A majority of assets seized by Minnesota police are worth less than $1,500, according to a report out this week by the Minnesota Office of the State Auditor. They contribute little to public safety department budgets as a result but come at sometimes great expense to their original owners.

“In somebody’s life, $100, $1,500 could make a big difference,” State Auditor Julie Blaha said.

The new report focuses on a law enforcement practice known as civil asset forfeiture that allows the police to seize property, including cash, that they suspect is being used or was obtained in a criminal manner. Individuals can be made to “forfeit” their property — which the police can then keep and even sell — without being arrested.

The practice has been legal in Minnesota since 1971 and was intended to help break apart criminal enterprises. Criminal justice reform advocates have criticized it in recent years for what they say is a potential for abuse, and for the legal costs and other hurdles associated with getting one’s property back.
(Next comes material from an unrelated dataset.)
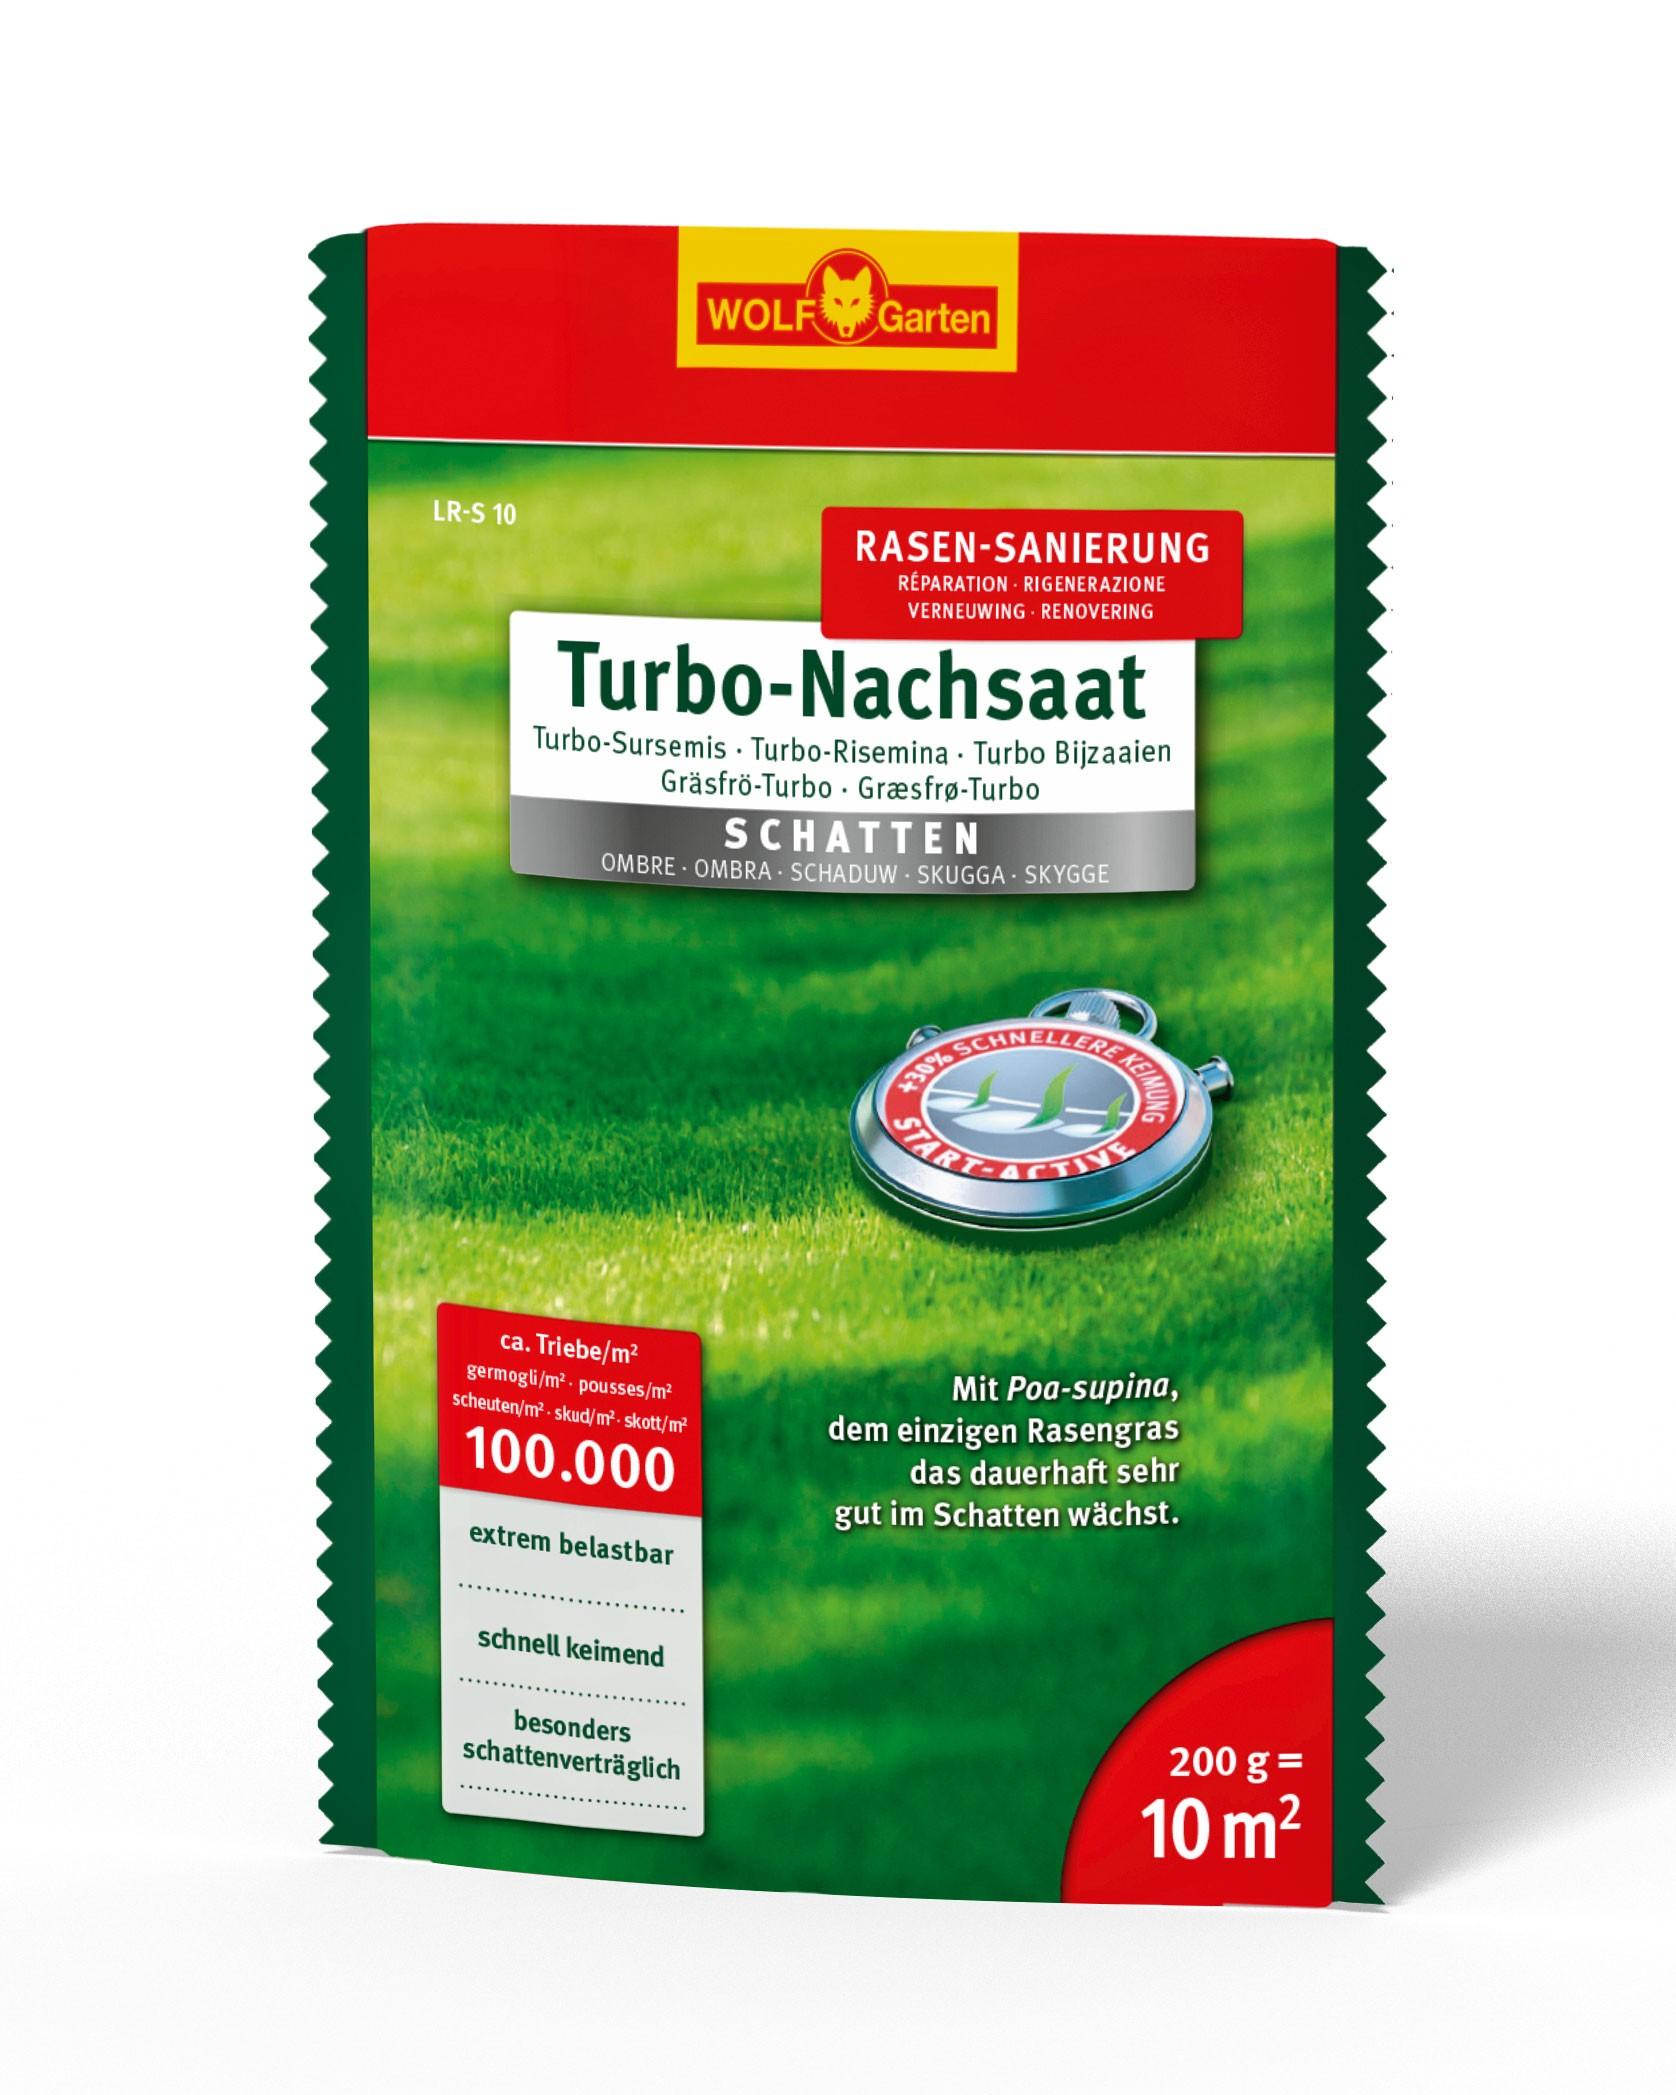 Wolf Garten Turbo Nachsaat Schatten Rasensaatgut L-RS10 für 10m² Bild 1

Findings from the report, Blaha said, could support recent legislation aimed at banning the forfeiture of small-dollar items. In Minnesota, forfeitures brought in net of approximately $7.5 million in 2019, according to the auditor’s report.

Approximately $1.5 million of that came from forfeitures of $1,500 or less, the loss of which Blaha said Minnesota could afford should it ban small-dollar forfeitures.

“That has a much bigger effect on an individual,” she said, noting the average for forfeitures is $500. “That may be the difference this month between making rent and slipping into homelessness.”

The most common offenses that resulted in civil asset forfeiture in Minnesota last year were for driving under the influence or were related to illegal drugs.

A total of 317 law enforcement agencies in Minnesota completed approximately 7,700 forfeitures last year, down from the roughly 8,000 completed in 2018.

Vehicles accounted for 65 percent of property seized in 2019, according to the report. Cash made up approximately 25 percent of last year’s seizures, with firearms and other property making up an additional 9 percent and 1 percent, respectively.